DaPrato v. Mass. Water Res. Auth., 482 Mass. 375, 377, 123 N.E.3d 754 (2019)
If a claim becomes a lawsuit, there are fines, legal costs, business resources that may need to be allocated to the investigation and resolution of the complaint, as well as the impact to the overall work environment and employment relationships. Plus, managers and supervisors may potentially be sued individually and held personally liable for paying damages. What’s more, lawsuits can be lengthy and time-consuming to resolve, and even if the employee loses, there are costs involved for legal defense, in fact the average cost to defend an FMLA lawsuit is $80,000.6
Guardian Absence SolutionsSM
The increasingly complex leave landscape has caused the percentage of employers centralizing their short-term disability (STD) and FMLA administration to almost double since 2012. Today, more than half of all organizations with at least 50 employees use the same resource (in-house or external) to administer their STD and FMLA.7
Organizations that outsource STD and FMLA administration to the same vendor are making more progress on their key goals than those that manage employee leave using in-house resources. In fact, those organizations that outsource are more likely to report positive outcomes on employee experience, direct cost reduction, and return-to-work rates.

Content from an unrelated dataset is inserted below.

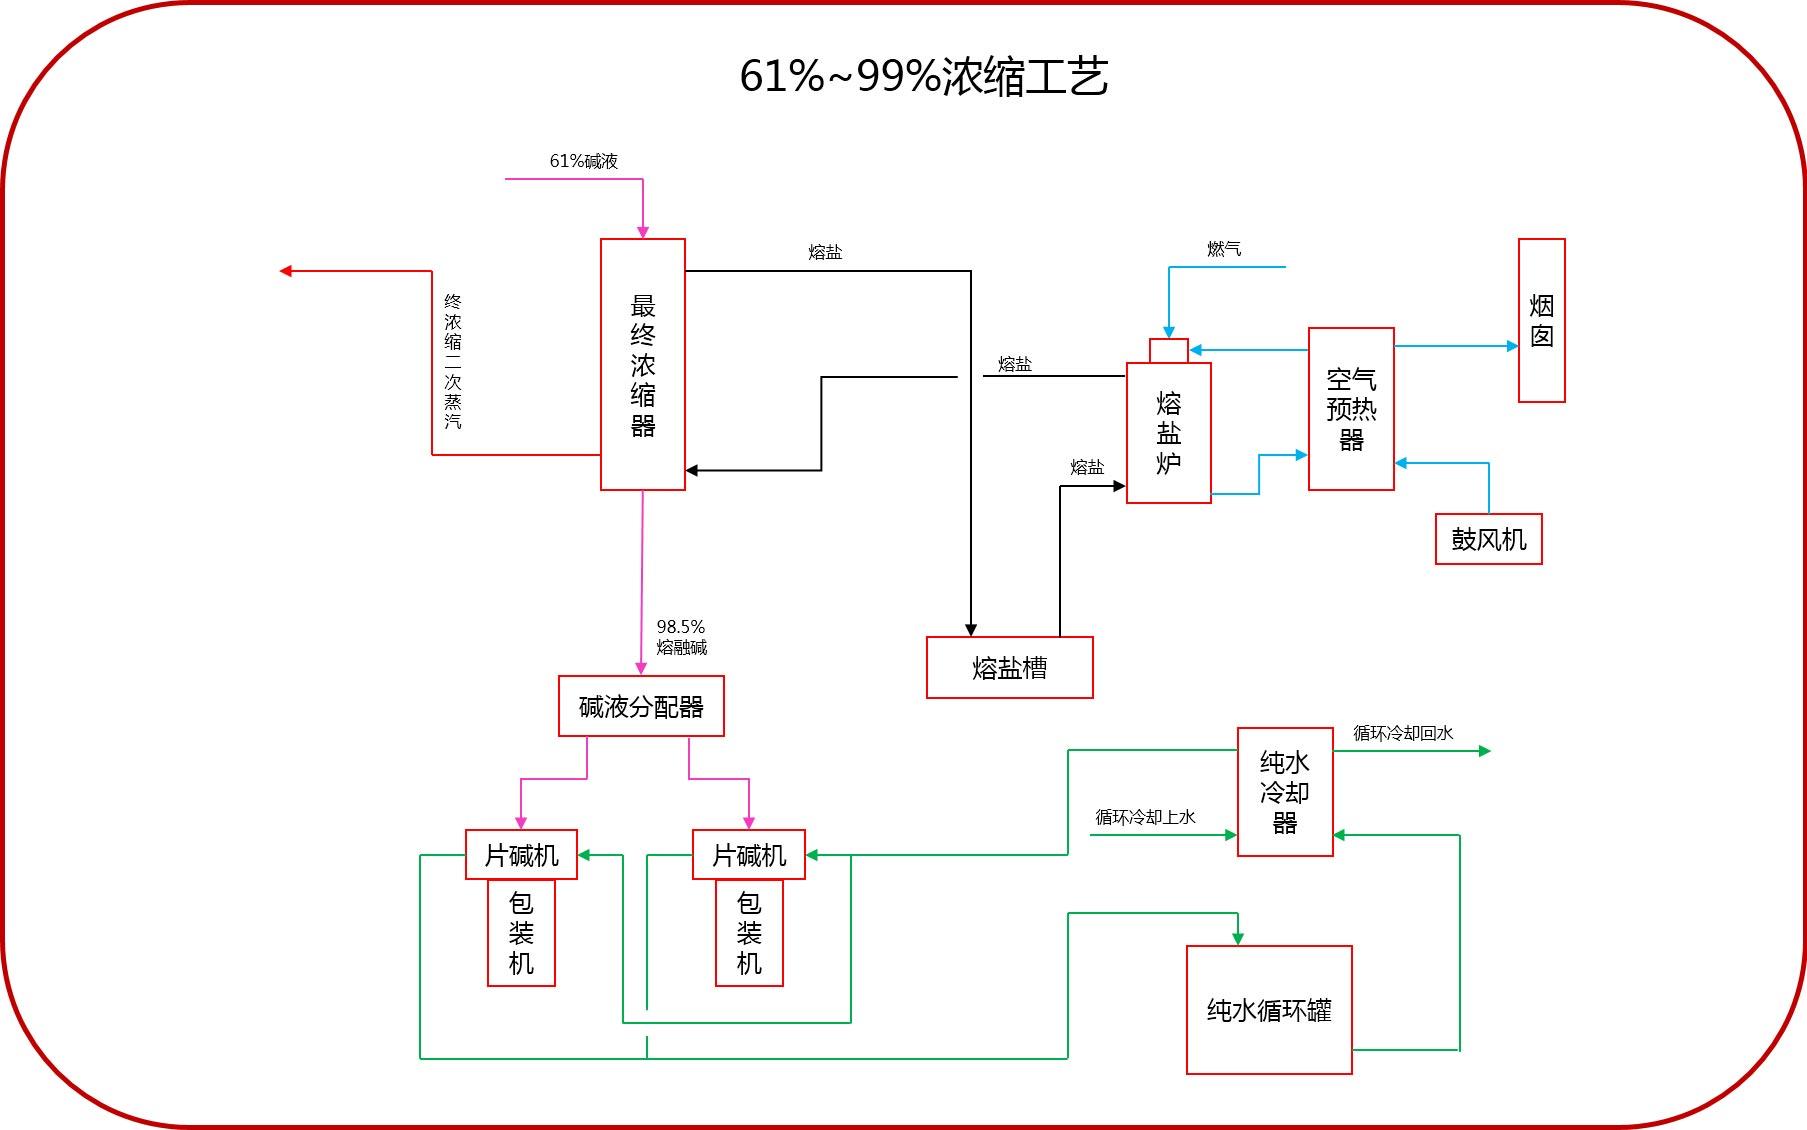 32%-99%工艺流程(3+2工艺)

Guardian offers a variety of absence management solutions for companies with 50 to 5,000 employees or more, helping employers of all sizes take advantage of high quality, integrated services that can help keep companies compliant while helping to get employees back to work in a safe and timely manner.
Frequently asked questions about FMLA management costs
What are the employer challenges of FMLA compliance?
Employers face several challenges when implementing this law. One of the most significant is the cost of managing FMLA leave. An employer has to ensure compliance with FMLA regulations, which can be complex and time-consuming. The regulations require up to 12 weeks of unpaid leave for employees with qualifying reasons. Employers must also maintain employee benefits during the leave period and guarantee job reinstatement after they return to work. Failure to comply with FMLA regulations can lead to legal consequences, further increasing management costs. Additionally, managing FMLA leave requests can be challenging, particularly for small businesses without a dedicated resource to help manage leave.
What are liquidated damages under FMLA?
Liquidated damages refer to a specific type of compensation that an employer may be required to pay if they violate an employee's FMLA rights. Damages are equal to the amount of wages and benefits that the employee would have received had they not been unlawfully denied FMLA leave.